Gary Onik and Wendell A. Gibby
It is approaching 20 years since we published the initial article introducing automated percutaneous lumbar discectomy (APLD).1 At that time, there was tremendous resistance to the concept of a minimally invasive treatment for herniated lumbar discs. Chemonucleolysis had rushed onto the scene with great fanfare, only to be destroyed by the occurrence of devastating complications, such as transverse myelitis. At that time there was essentially no field of minimally invasive lumbar spine surgery.
The concept of minimally invasive lumbar spine surgery, exemplified by APLD, has stood the test of time. Based on the massive amount of data accumulated on APLD, percutaneous discectomy gained its own CPT code, emerging from the twilight zone of experimental procedures. Those most opposed to the concept of minimally invasive spine surgery, the neurosurgical community, have acknowledged its impact on the treatment of patients with herniated discs.2
Although perhaps not reaching its full potential in the volume of cases performed, APLD has had a significant impact on the evolution of disc therapy; it has been extremely successful in achieving its major goal, that of safety. The original intent of APLD was to have a highly safe, minimally invasive treatment for lumbar disc herniations, with a reasonable success rate. At least 170,000 APLD procedures (probably more, since outside the United States the disposable instrument has been routinely resterilized) have been performed with a mortality rate of zero: there has never been a report of death associated with the procedure. In over 50 published series, there has been no instance of permanent nerve injury or great vessel damage, the only reported complication being discitis at a rate of 0.2%, equivalent to that of discog-raphy.3,4 It can now be said unequivocally that APLD is the safest treatment available for herniated lumbar discs. Contrast this with open discectomy, or even microdiscectomy, as reported by Ramirez and
Thisted,5 who examined the complication rate associated with 28,000 open discectomies. In this study, there was a major complication in 1 of 64 patients, with a major neurological complication associated in 1 of 334 patients; amazingly, 1 of 1700 patients died from the procedure. Another prospective study reported by Stolke et al.6 examined the intraoperative complication rate associated with lumbar discectomies carried out by experienced neurosurgeons. In 481 procedures, a complication rate of 14% was reported, including one death, three nerve injuries, and a discitis rate of approximately 1%.

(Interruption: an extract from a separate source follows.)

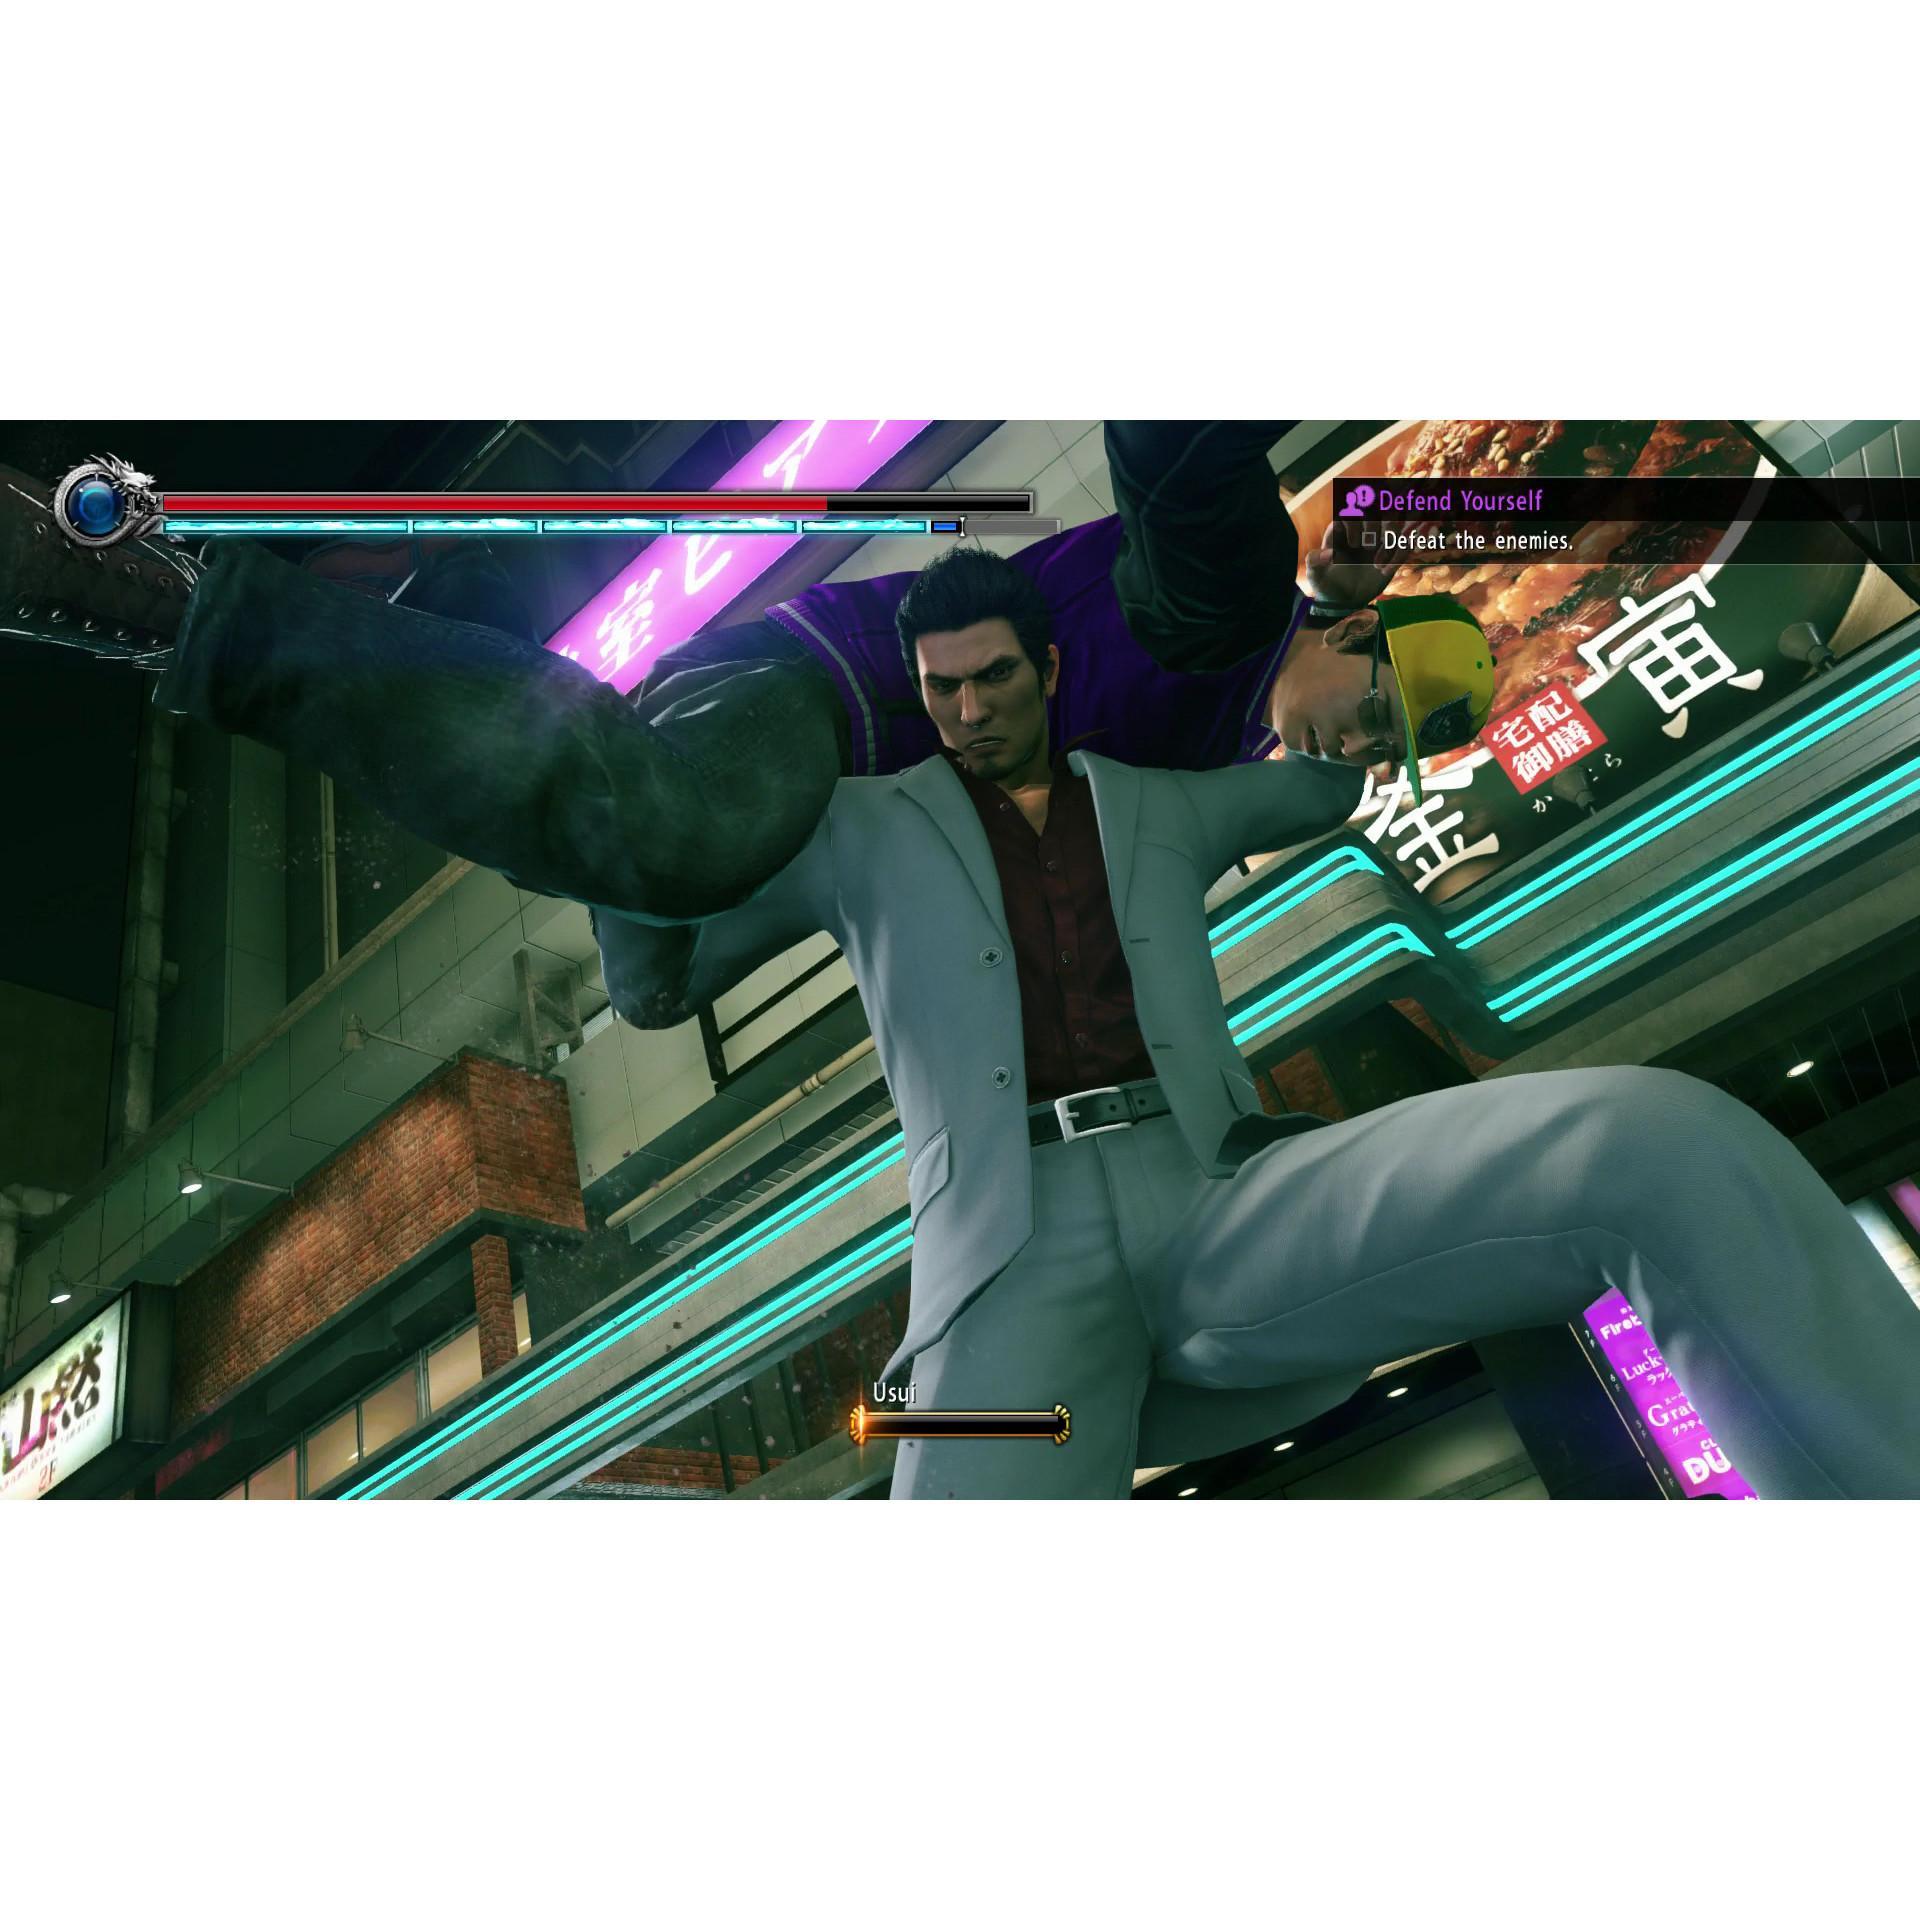 Joc Yakuza Kiwami 2 Pentru PlayStation 4 1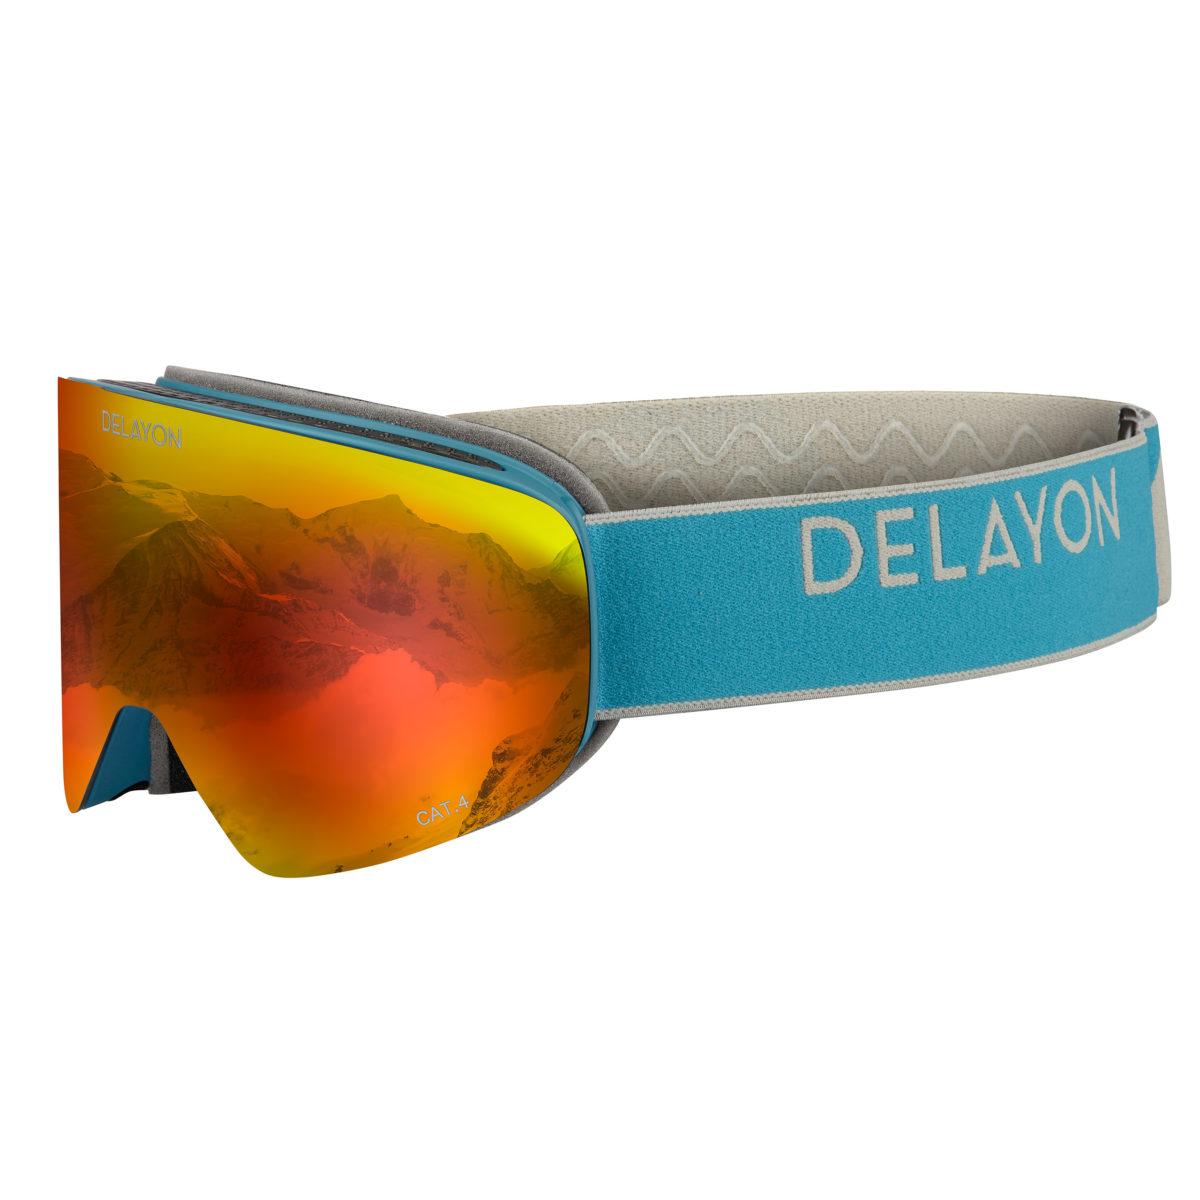 DELAYON Eyewear CORE 2.0 Navy Gray Space Fire

The use of the operating microscope and the decreased size of the resultant incision, constituting the so-called microdiscectomy, has not appreciably decreased the complication rate associated with lumbar spine surgery as indicated by the article published by Pappas et al.7 In 654 microdiscectomies, they reported two major vascular injuries, one of which resulted in death. A major bowel injury was also reported. It was basically in response to this situation of high-morbidity lumbar disc surgery that APLD was successfully developed.
Theoretically, APLD works by centrally decompressing the nucleus pulposus, with that decreased pressure transmitted through the rent in the annulus to the herniation. This results in decreased pressure on the affected nerve. The success rate of any percutaneous procedure based on the concept of central disc decompression is, therefore, highly dependent on selecting patients with pathology that is amenable to such an approach. The success rate of APLD has been reported anywhere from 43 to 85% depending on patient selection criteria. The major limitation, however, is that when only the strictest selection criteria are used, approximately 10% of the herniated disc population would be candidates for the procedure, which would still constitute approximately 40,000 cases a year.
It is the balancing of the very low morbidity associated with APLD that makes it competitive, in certain patient populations, with open discectomy, which reports higher success rates of over 90%. It is of interest, however, that when microdiscectomy is examined in a prospective fashion with the criterion of patient satisfaction included, the success rate falls to approximately 75%, very similar to the percutaneous methods.8
Other percutaneous disc removal methods are available, including laser disc decompression, biportal percutaneous disc decompression in which a scope is used to examine the disc during removal, and the so-called arthroscopic microdiscectomy by Kambin. Common to all methods is the problem of patient selection already alluded to, since none has been shown to consistently remove free fragments. Most important, however, these methods have all been associated with significantly greater morbidity than APLD. For example, laser discectomy has been reported to cause osteonecrosis of the vertebral body endplates due to adjacent heating.9 For radiologists considering entering this field, we suggest getting experience with APLD before considering the other variations of percutaneous disc decompression that are associated with a higher inherent morbidity.